# [Activity]
What is needed is the exact text of each line in the listing below from the one with "СЗТ $880 Мужские" up to and including the one with "HEAD CASE plastový", and no pictures.
Segment Start: Data supplied
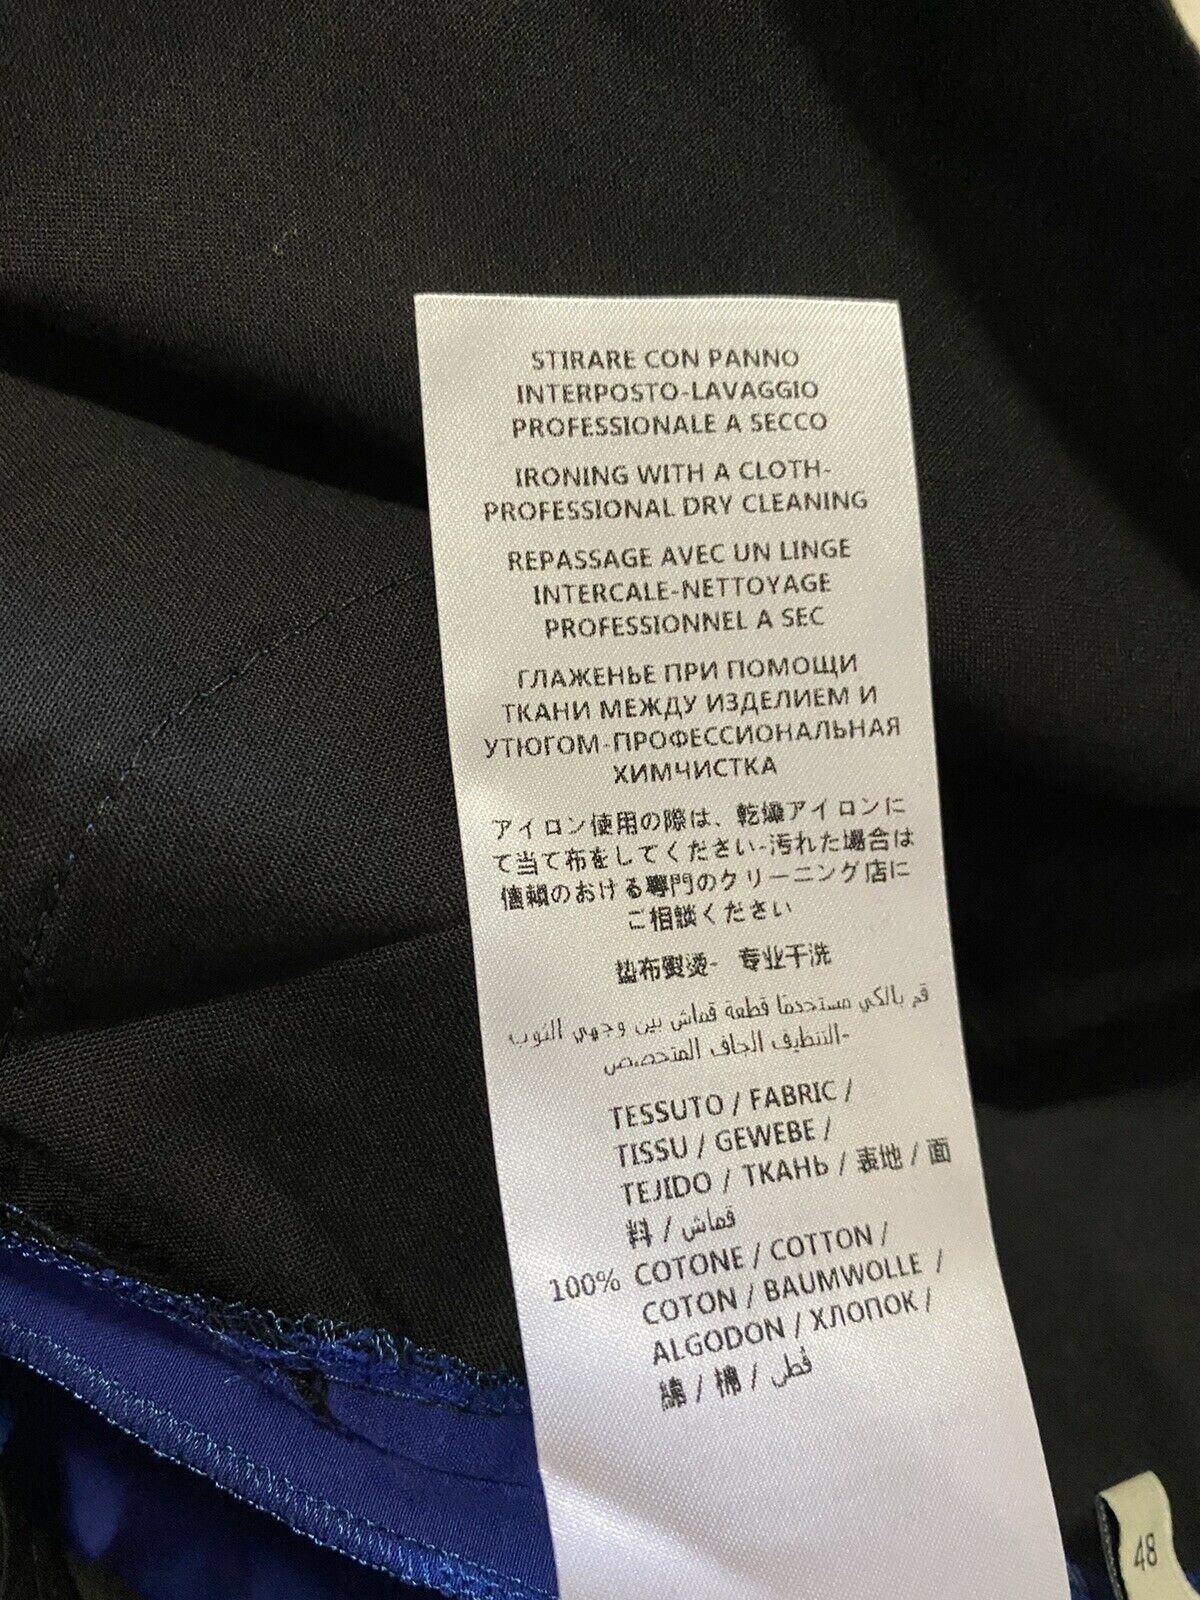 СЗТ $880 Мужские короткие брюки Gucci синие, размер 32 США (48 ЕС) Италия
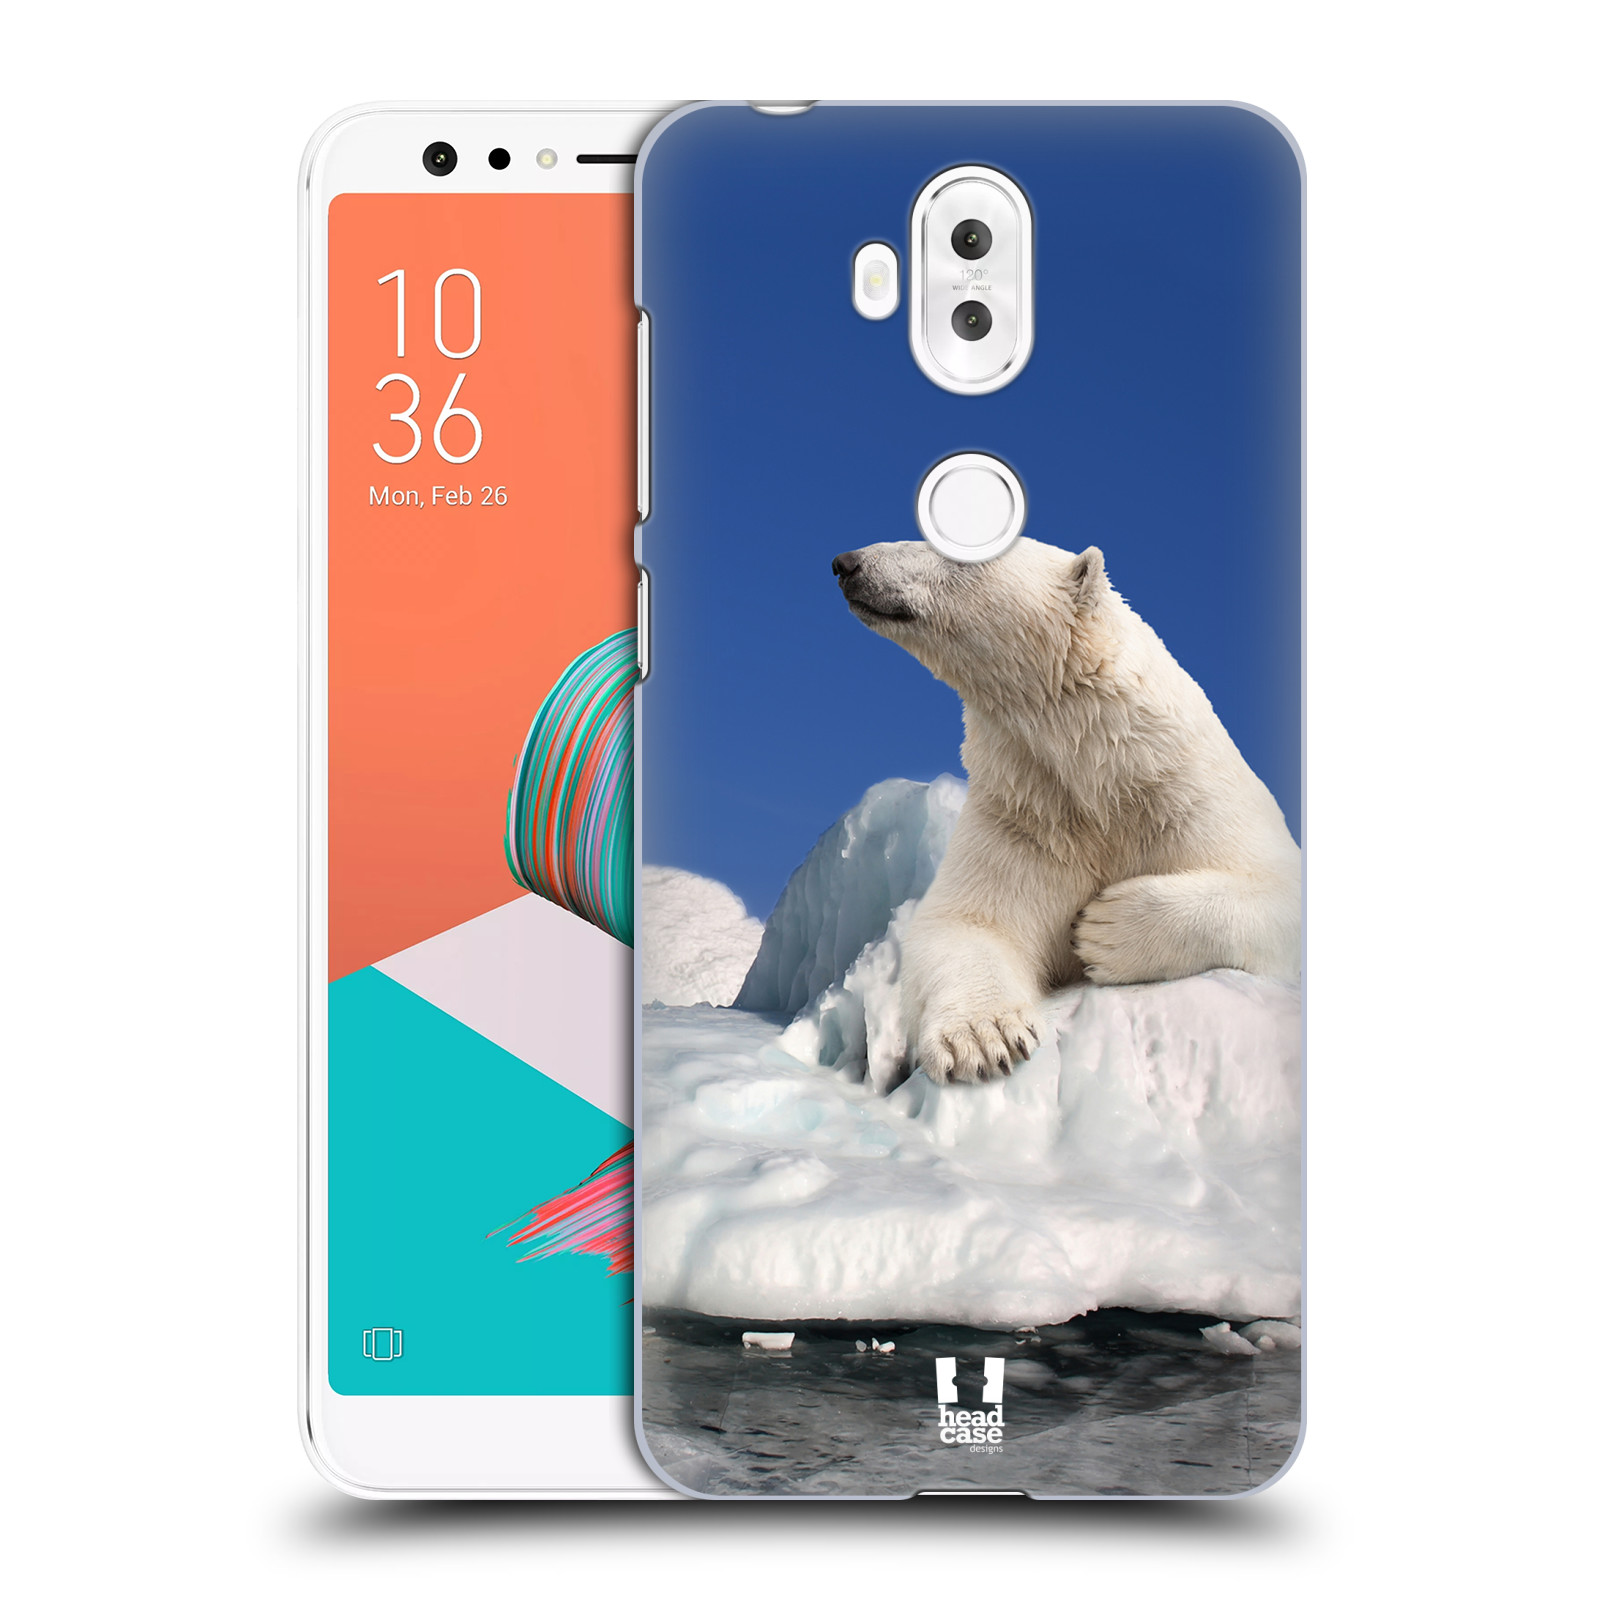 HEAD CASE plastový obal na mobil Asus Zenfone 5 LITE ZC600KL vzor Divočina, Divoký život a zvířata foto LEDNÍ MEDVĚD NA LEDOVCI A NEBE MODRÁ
Segment End: Data supplied
Segment Start: Data supplied
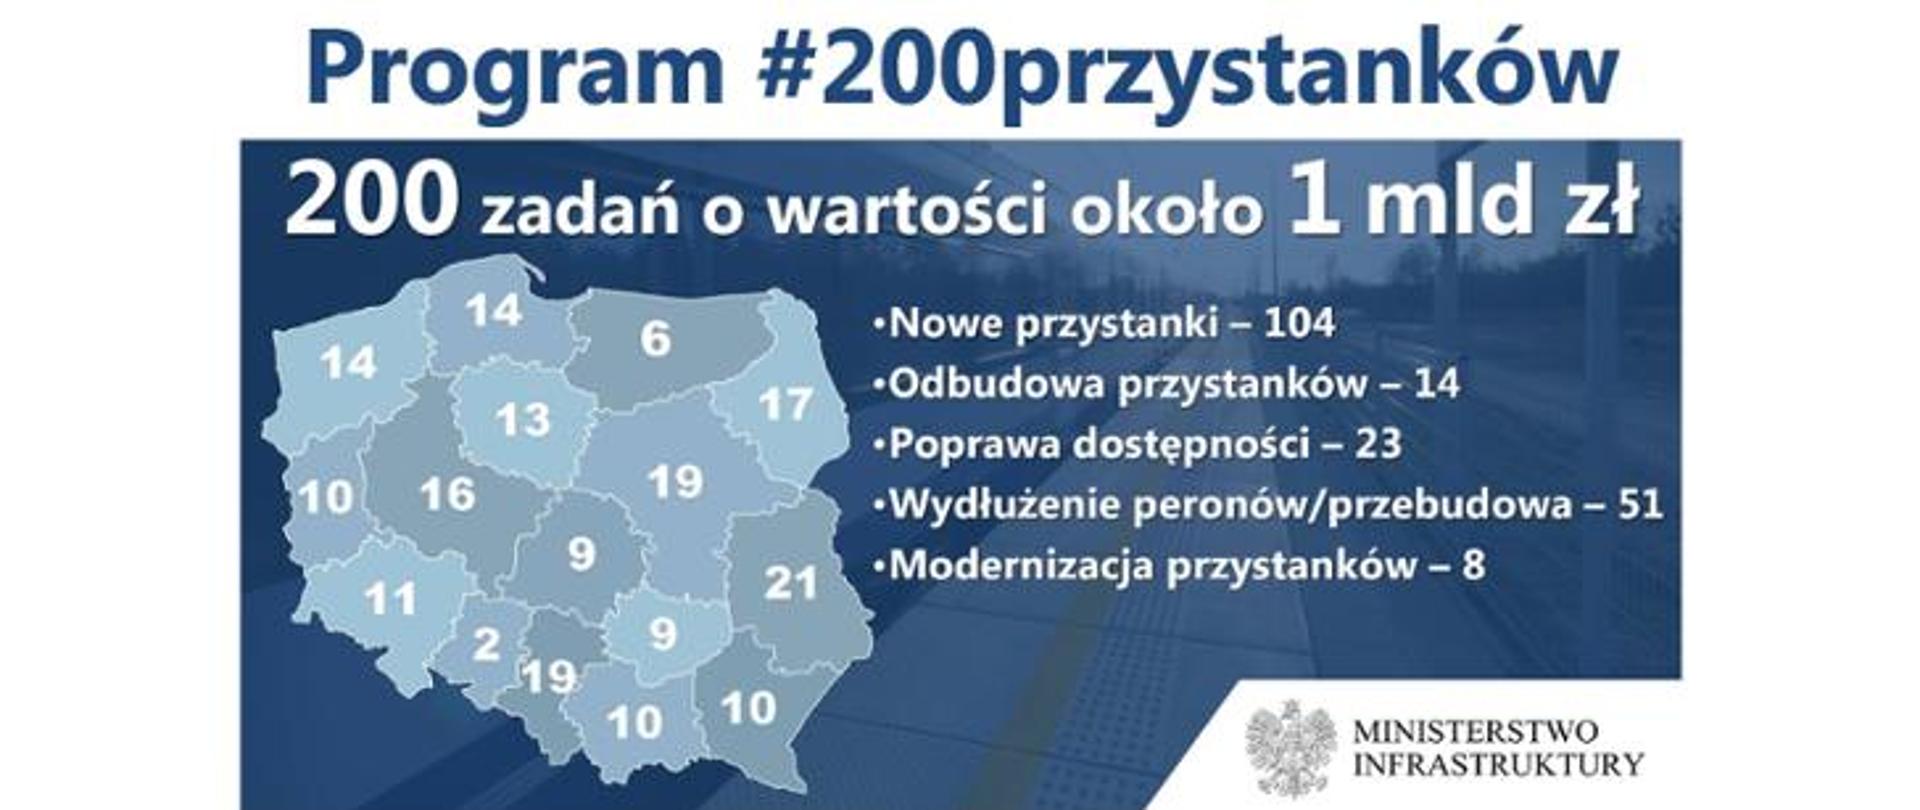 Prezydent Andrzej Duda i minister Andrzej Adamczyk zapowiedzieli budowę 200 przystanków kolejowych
Segment End: Data supplied
Segment Start: Data supplied
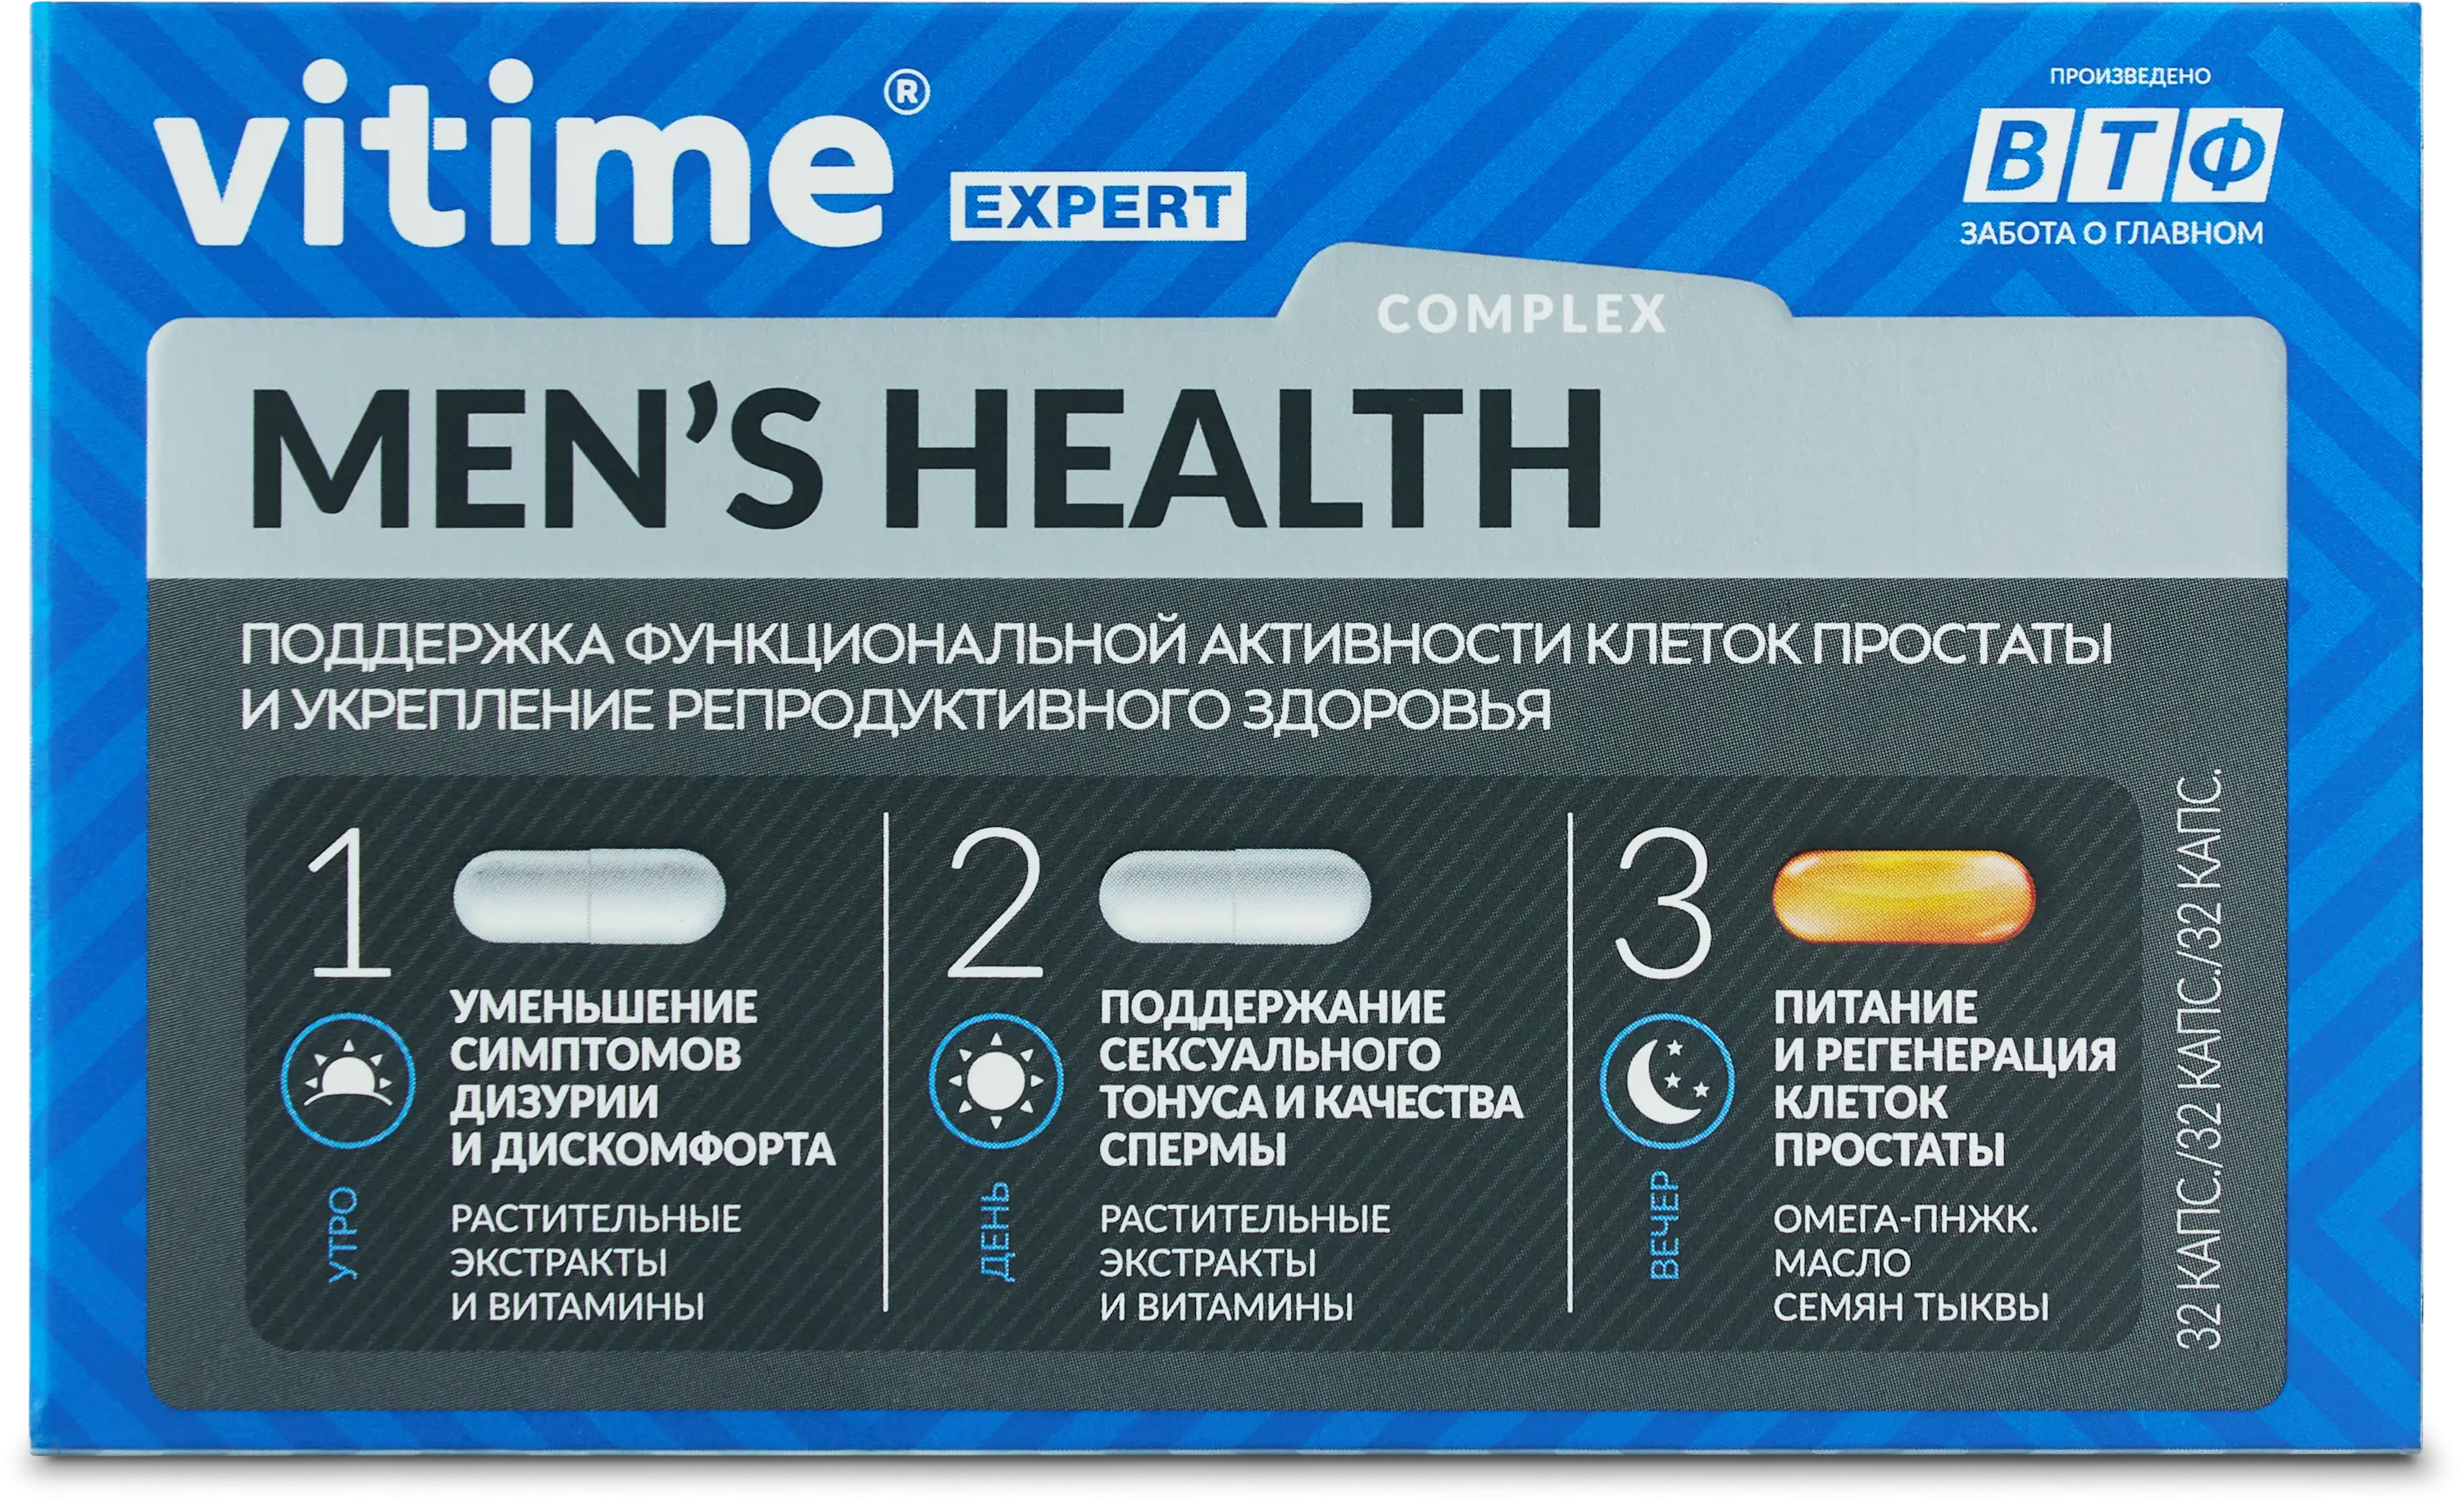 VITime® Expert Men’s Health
Segment End: Data supplied
# [Output of the task]
 СЗТ $880 Мужские короткие брюки Gucci синие, размер 32 США (48 ЕС) Италия
 HEAD CASE plastový obal na mobil Asus Zenfone 5 LITE ZC600KL vzor Divočina, Divoký život a zvířata foto LEDNÍ MEDVĚD NA LEDOVCI A NEBE MODRÁ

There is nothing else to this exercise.